I enjoy movies, like anyone else, and have accumulated many over the years, though I haven’t always acquired them through the most formal means. 😉 To organize and watch them, I usually use Plex, and I like it a lot; it’s a great platform and, in my opinion, deserves a few bucks from me. However, since they’ve been making some curious decisions lately, I started using an Emby instance more frequently for similar purposes.

Everything was going relatively well until it started going relatively poorly: I noticed that sometimes the movies or videos I store there had difficulty starting playback and/or continuing playback when I made jumps on the timeline. It wasn’t a huge problem, as it’s not common to make time jumps when watching a movie, but the issue had already caught my attention.

I first thought my hard drives were failing since this problem didn’t occur a couple of years ago when I moved my media library to them.
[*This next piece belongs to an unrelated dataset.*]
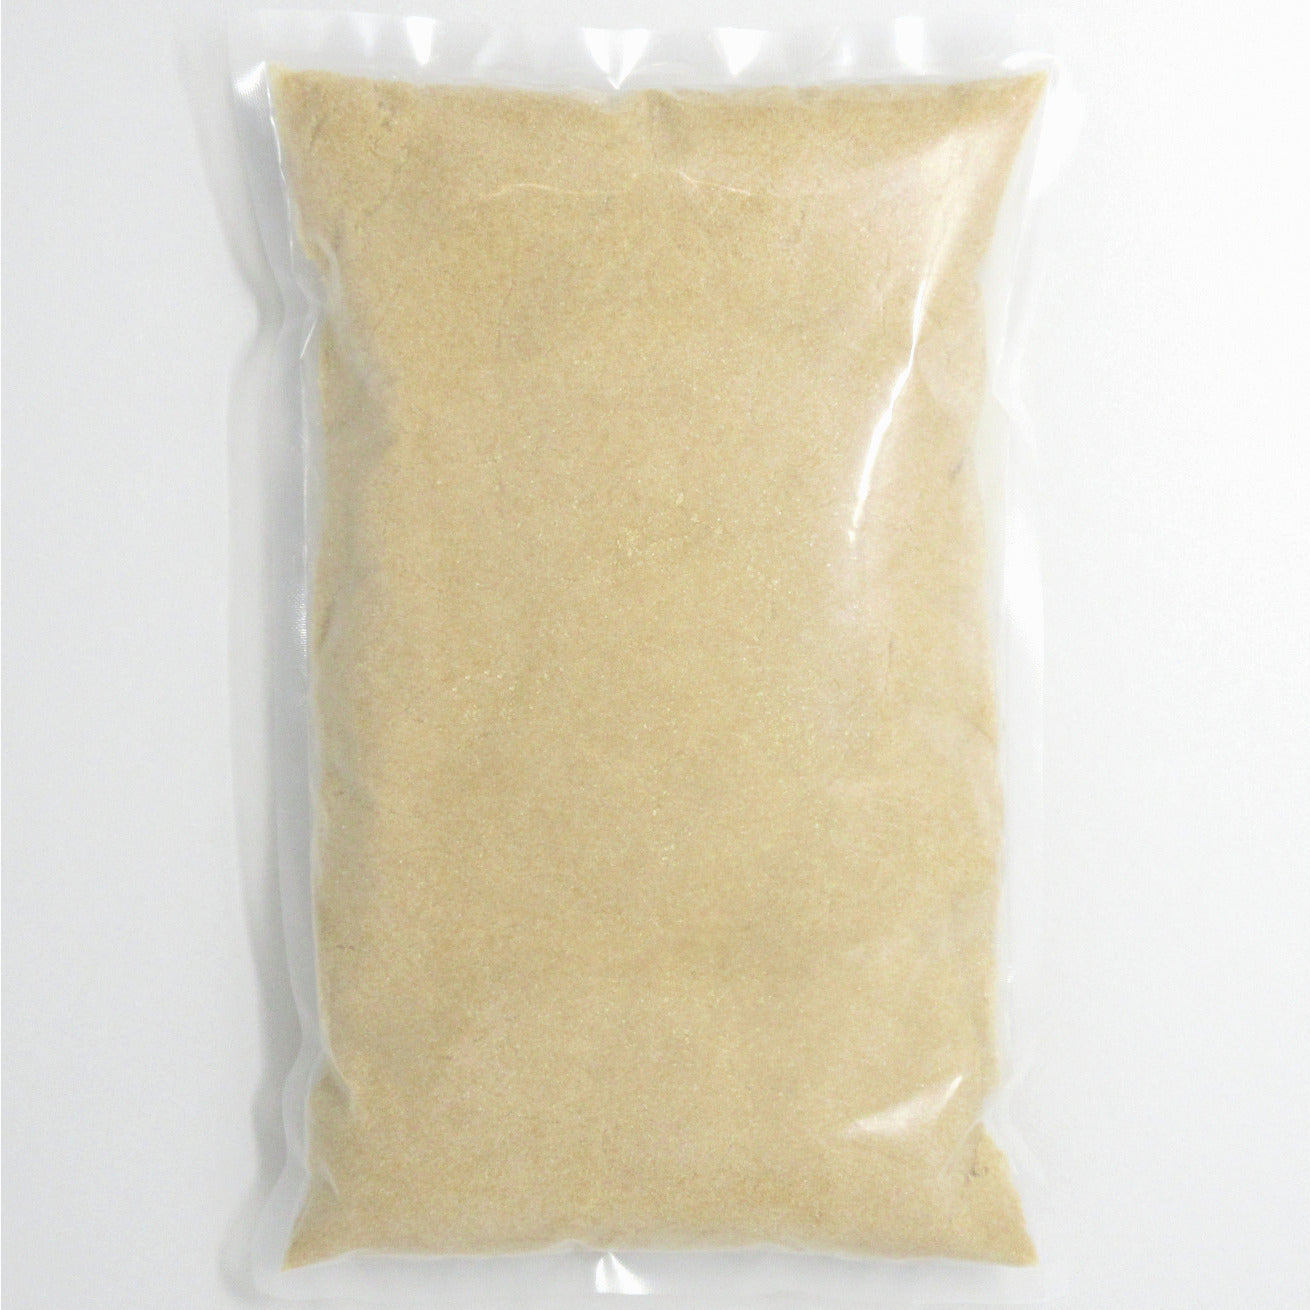 Flour Barrel product image - Yellow Sugar

So, I ran a couple of SMART tests, and everything seemed fine with them. Ruled out. I thought it might be a network bottleneck, but it was very unlikely since I observed the problem during local playback of the files. Additionally, I had recently upgraded my local network bandwidth to a respectable 10 Gigabit (more on this in another post in the future). Ruled out. It crossed my mind that one of the nodes (computers/servers) might be having issues when jumping from one part of the movie to another, but I didn’t see any excessive CPU usage in any case. Ruled out.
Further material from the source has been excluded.